Bpm e Banco Popolare vicine alla fusione, i loro titoli crescono

di Paolo Valori Commenta

La crescita dei titoli bancari sta tenendo a galla piazza Affari. In questo momento sono sotto gli occhi di tutti gli investitori le performance dei titoli Bpm e Banco Popolare. Sabato ci sarà un’assemblea per decidere della fusione tra gli istituti di credito. In genere, di fronte ad un cambiamento gli investitori sono sempre molto cauti. Questa volta invece, sulla fusione tra Bpm e Banco Popolare c’è molto entusiasmo: ci si aspetta che alla riunione siano presenti tantissime persone, circa 9000 soci. Il 15 ottobre, infatti, l’assemblea dovrà dare l’OK per la fusione e per la trasformazione in SPA del nuovo gruppo bancario.

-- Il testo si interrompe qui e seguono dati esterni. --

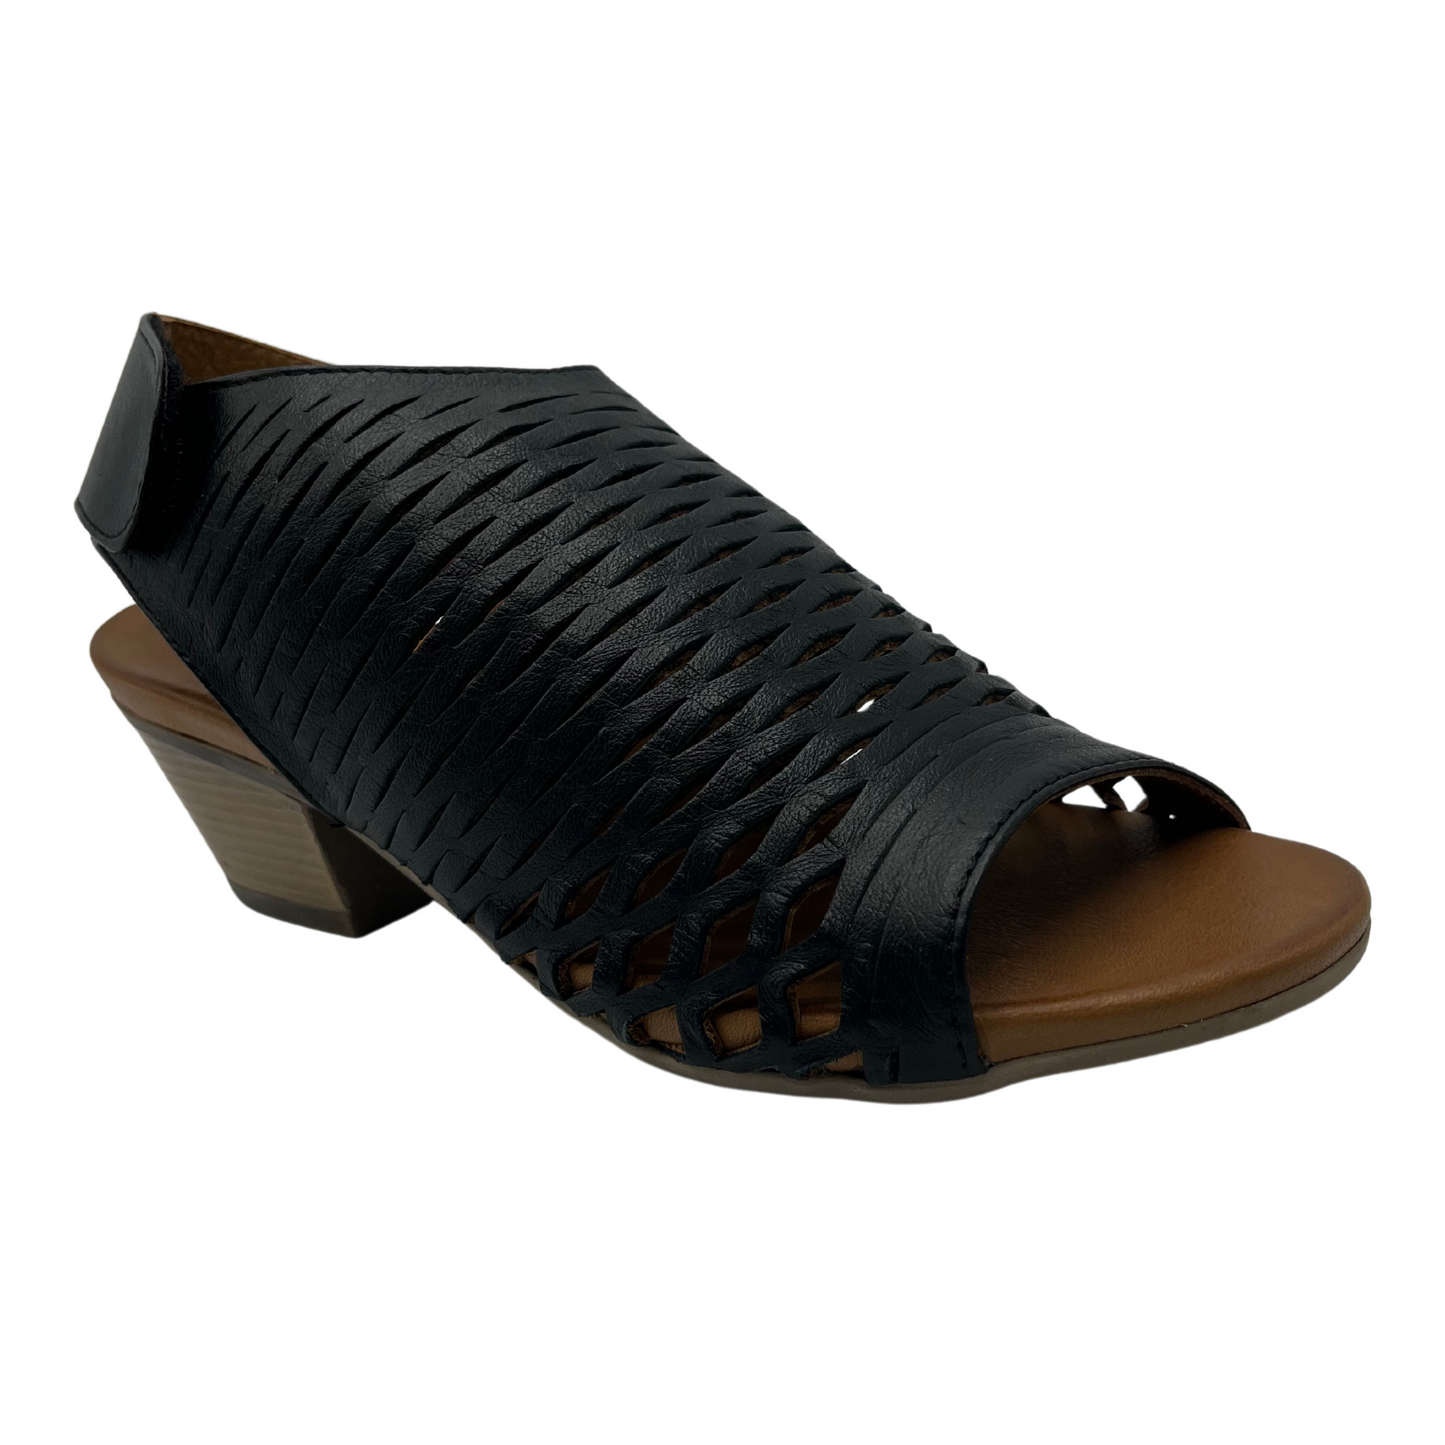 45 degree angled view of black leather sandal with cutout details and block heel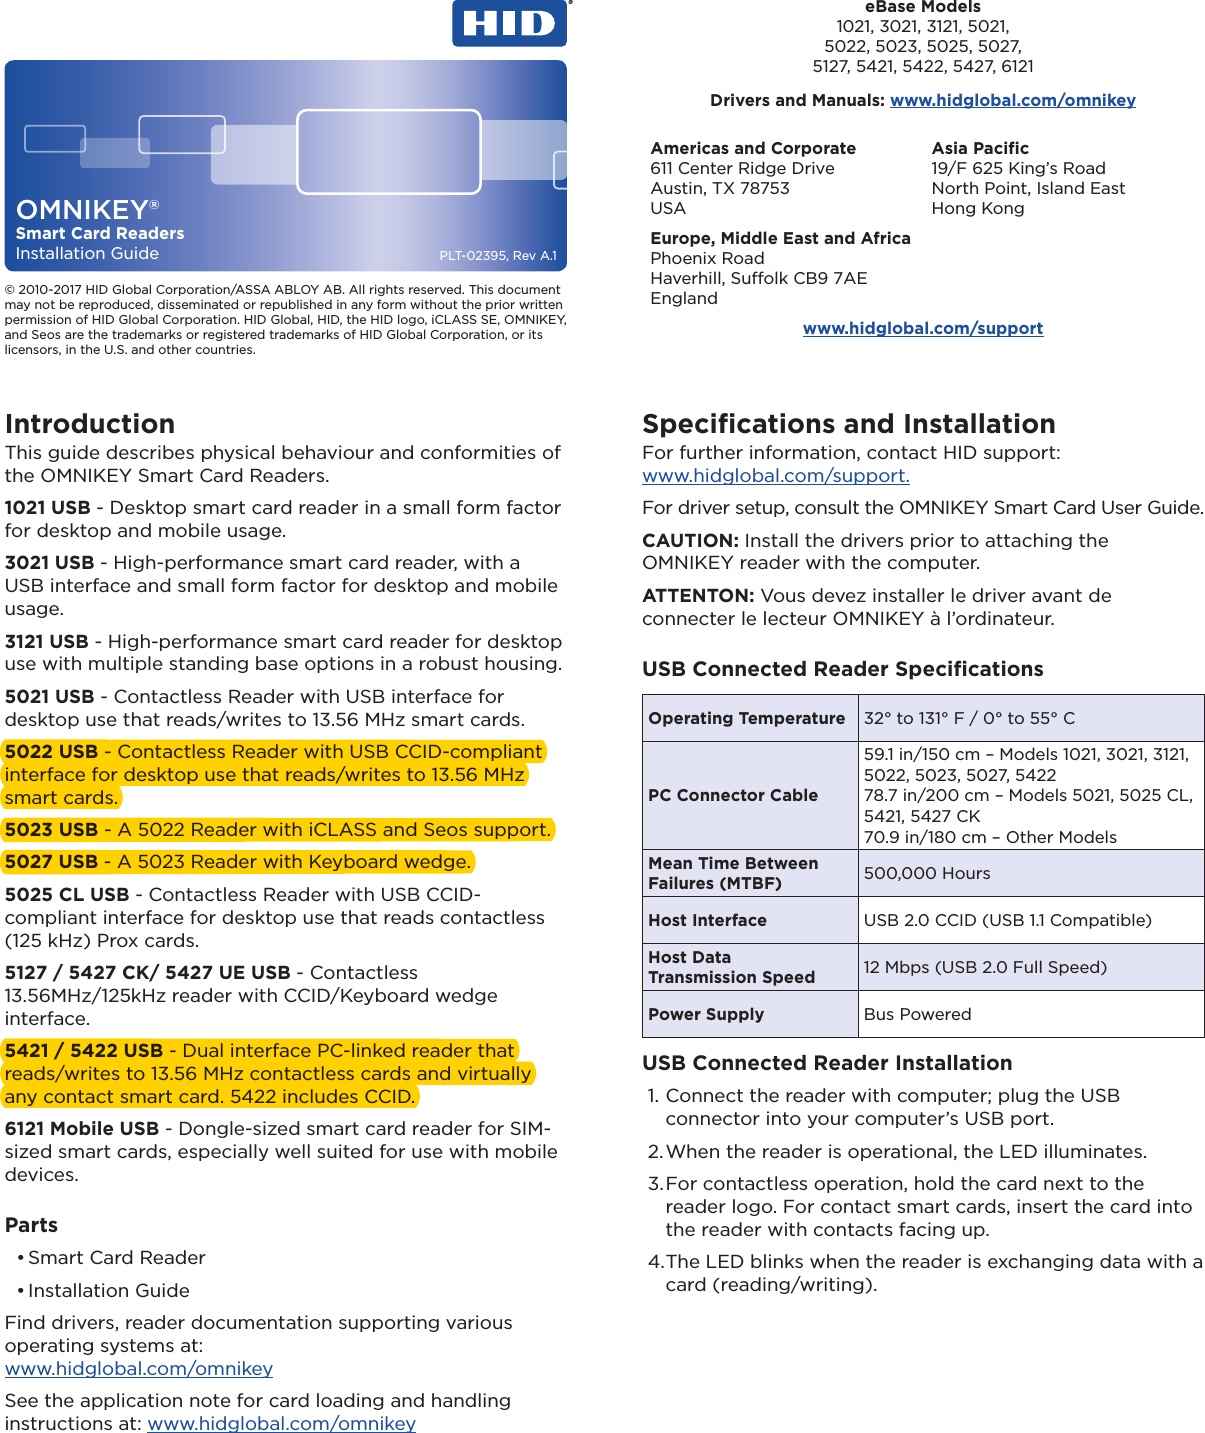  PLT-02395, Rev A.1OMNIKEY®Smart Card ReadersInstallation Guide© 2010-2017 HID Global Corporation/ASSA ABLOY AB. All rights reserved. This document may not be reproduced, disseminated or republished in any form without the prior written permission of HID Global Corporation. HID Global, HID, the HID logo, iCLASS SE, OMNIKEY, and Seos are the trademarks or registered trademarks of HID Global Corporation, or its licensors, in the U.S. and other countries.Americas and Corporate611 Center Ridge DriveAustin, TX 78753USAAsia Paciﬁc19/F 625 King’s RoadNorth Point, Island EastHong KongEurope, Middle East and AfricaPhoenix RoadHaverhill, Suolk CB9 7AEEnglandwww.hidglobal.com/supporteBase Models1021, 3021, 3121, 5021,5022, 5023, 5025, 5027,5127, 5421, 5422, 5427, 6121Drivers and Manuals: www.hidglobal.com/omnikeyIntroductionThis guide describes physical behaviour and conformities of the OMNIKEY Smart Card Readers.1021 USB - Desktop smart card reader in a small form factor for desktop and mobile usage.3021 USB - High-performance smart card reader, with a USB interface and small form factor for desktop and mobile usage.3121 USB - High-performance smart card reader for desktop use with multiple standing base options in a robust housing.5021 USB - Contactless Reader with USB interface for desktop use that reads/writes to 13.56 MHz smart cards.5022 USB - Contactless Reader with USB CCID-compliant interface for desktop use that reads/writes to 13.56 MHz smart cards.5023 USB - A 5022 Reader with iCLASS and Seos support.5027 USB - A 5023 Reader with Keyboard wedge.5025 CL USB - Contactless Reader with USB CCID-compliant interface for desktop use that reads contactless (125 kHz) Prox cards.5127 / 5427 CK/ 5427 UE USB - Contactless 13.56MHz/125kHz reader with CCID/Keyboard wedge interface.5421 / 5422 USB - Dual interface PC-linked reader that reads/writes to 13.56 MHz contactless cards and virtually any contact smart card. 5422 includes CCID.6121 Mobile USB - Dongle-sized smart card reader for SIM-sized smart cards, especially well suited for use with mobile devices.Parts• Smart Card Reader• Installation GuideFind drivers, reader documentation supporting various operating systems at:  www.hidglobal.com/omnikeySee the application note for card loading and handling instructions at: www.hidglobal.com/omnikeySpeciﬁcations and InstallationFor further information, contact HID support:  www.hidglobal.com/support.For driver setup, consult the OMNIKEY Smart Card User Guide.CAUTION: Install the drivers prior to attaching the OMNIKEY reader with the computer.ATTENTON: Vous devez installer le driver avant de connecter le lecteur OMNIKEY à l’ordinateur.USB Connected Reader SpeciﬁcationsOperating Temperature 32° to 131° F / 0° to 55° C PC Connector Cable59.1 in/150 cm – Models 1021, 3021, 3121, 5022, 5023, 5027, 542278.7 in/200 cm – Models 5021, 5025 CL, 5421, 5427 CK70.9 in/180 cm – Other ModelsMean Time Between Failures (MTBF) 500,000 HoursHost Interface USB 2.0 CCID (USB 1.1 Compatible)Host Data  Transmission Speed 12 Mbps (USB 2.0 Full Speed)Power Supply Bus PoweredUSB Connected Reader Installation1. Connect the reader with computer; plug the USB connector into your computer’s USB port.2. When the reader is operational, the LED illuminates.3. For contactless operation, hold the card next to the reader logo. For contact smart cards, insert the card into the reader with contacts facing up.4. The LED blinks when the reader is exchanging data with a card (reading/writing).

Gli investitori hanno manifestato molto entusiasmo nei riguardi dell’operazione che darà vita al terzo polo bancario nazionale. Un riassunto esaustivo dell’andamento dei titoli di Bpm e Banco Popolare è stato fatto da una rivista specializzata che scrive:

L’ottimismo nei confronti della fusione tra Bpm e Banco Popolare continua intanto a crescere ed entrambi i titoli viaggiano in rialzo su Piazza Affari. Le azioni di Bpm guadagnano infatti il 2,36%, mentre le azioni di Banco Popolare viaggiano in rialzo del 4,14% e si dimostrano le migliori di tutto il FTSE MIB.

La fusione tra Bpm e Banco Popolare – che dovrebbe dar vita al terzo polo bancario nazionale per numero di sportelli e di dipendenti – sarà dunque decisa dalle assemblee degli azionisti che si terranno entrambe il prossimo 15 ottobre.

Per far sì che all’evento la partecipazione sia massima, la banca milanese si è resa disponibile a sostenere parte delle spese effettuate dai soci per recarsi presso la sede definita per l’assemblea. È un incentivo, certamente ma è tutta l’operazione che piace agli investitori.